Well, that didn’t work. The rouble dropped, but did not collapse and is now recovering. But then along comes: “The only end game in town now”, a senior administration official was heard to say at a private event earlier this month, “is the end of Putin regime. Until then, all the time Putin stays, [Russia] will be a pariah state that will never be welcomed back into the community of nations. China has made a huge error in thinking Putin will get away with it”.

So Biden was not incorrect in his definition of US aims. The complaint is that fired up with the fervid emotions of liberal war on the ‘barbarians from the East’, Biden blurted it ‘out loud’.

It didn’t shock Russians, of course. It did however, set off frissons in weaker brethren around the world, who awoke to the thought: If they can do that to Russia, what about ME?

So, still, the question hangs: Who in Washington is decisive on Russia: Obama; ‘Madam’ Clinton; State Department Ukraine hawks, the Pentagon realists, or the armaments lobby? For the moment, it may be smart Pentagon realists, who have worked out that Russia is achieving its military objectives in Ukraine, and have concluded that it’s time to shift away from the daily ‘false flag’ dosing of heroic resistance narratives, lest reality suddenly bites and the US public smells another major western débacle.

In Europe, reality certainly has not ‘bitten’. They didn’t like Biden’s blurting out: “For God’s sake, this man cannot remain in power”.  Yet it was the French Finance minister who had earlier exulted in “we will bring about the collapse of the Russian economy”, and boasted that the balance of power in the sanctions stand-off between the European Union and Russia is “totally” in favour of the EU, which “is in the process of discovering its economic power”.

Well, that isn’t working out so well either. Rather, as Ambrose Evans-Pritchard notes in the Telegraph, “what is now clear – is that western sanctions policy is the worst of all worlds. We are suffering an energy shock that is further inflating Russia’s war-fighting revenues … There is a pervasive fear of a gilets jaunes uprising across Europe, a suspicion that a fickle public will not tolerate the cost-of-living shock once the horrors of Ukraine lose their novelty on TV screens”.

Unlike the smart realists in Washington however, Europe is all agog with “Zelensky Unleashed”: European analysts are endlessly dissecting the entrails of a series of interviews used by Zelensky to lay out the compromises that “he would be willing accept” from Moscow. On these occasions, Zelensky sternly warns Moscow that it is in their interest to negotiate reasonably now, as the next Ukrainian leader could be younger, and less willing to compromise…
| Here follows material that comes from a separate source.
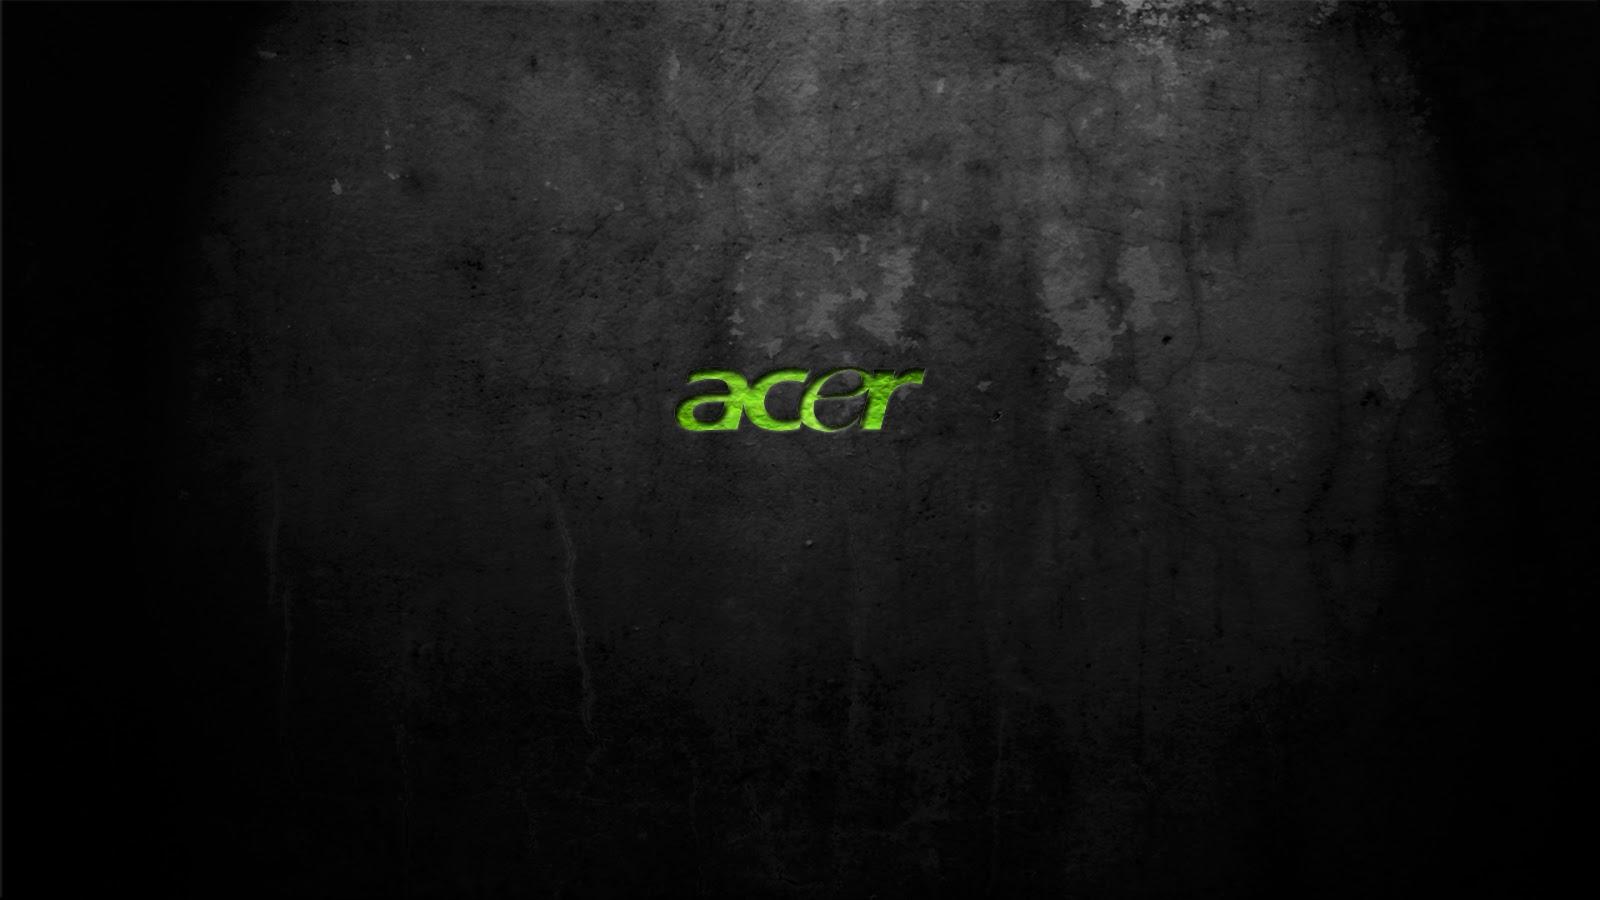 Acer Logo Computer HD Wallpaper Dark Backgroundjpg 1600x900

Evidently, Europe is still wholly in the grip of its own emotion-laden war fever. In theory – yes – there can be a negotiated outcome in Ukraine.  Moscow has repeated this possibility endlessly. But this can only occur through looking reality ‘in the eye’. Diplomats hate being told this, but ‘facts on the ground’ can make diplomatic negotiation unnecessary. And the facts speak for themselves.

Facts are being established on the ground by Russian forces. If Zelensky wants to impose his conditions, he must have the leverage so to do – otherwise, Moscow can finish its demilitarisation of Ukraine, finish the military operation in Donbas and along the Black Sea coast, and go home (with the warning that any attempt in the future to establish a Ukrainian quagmire would be met with a suitable ‘Kinzhal’ riposte).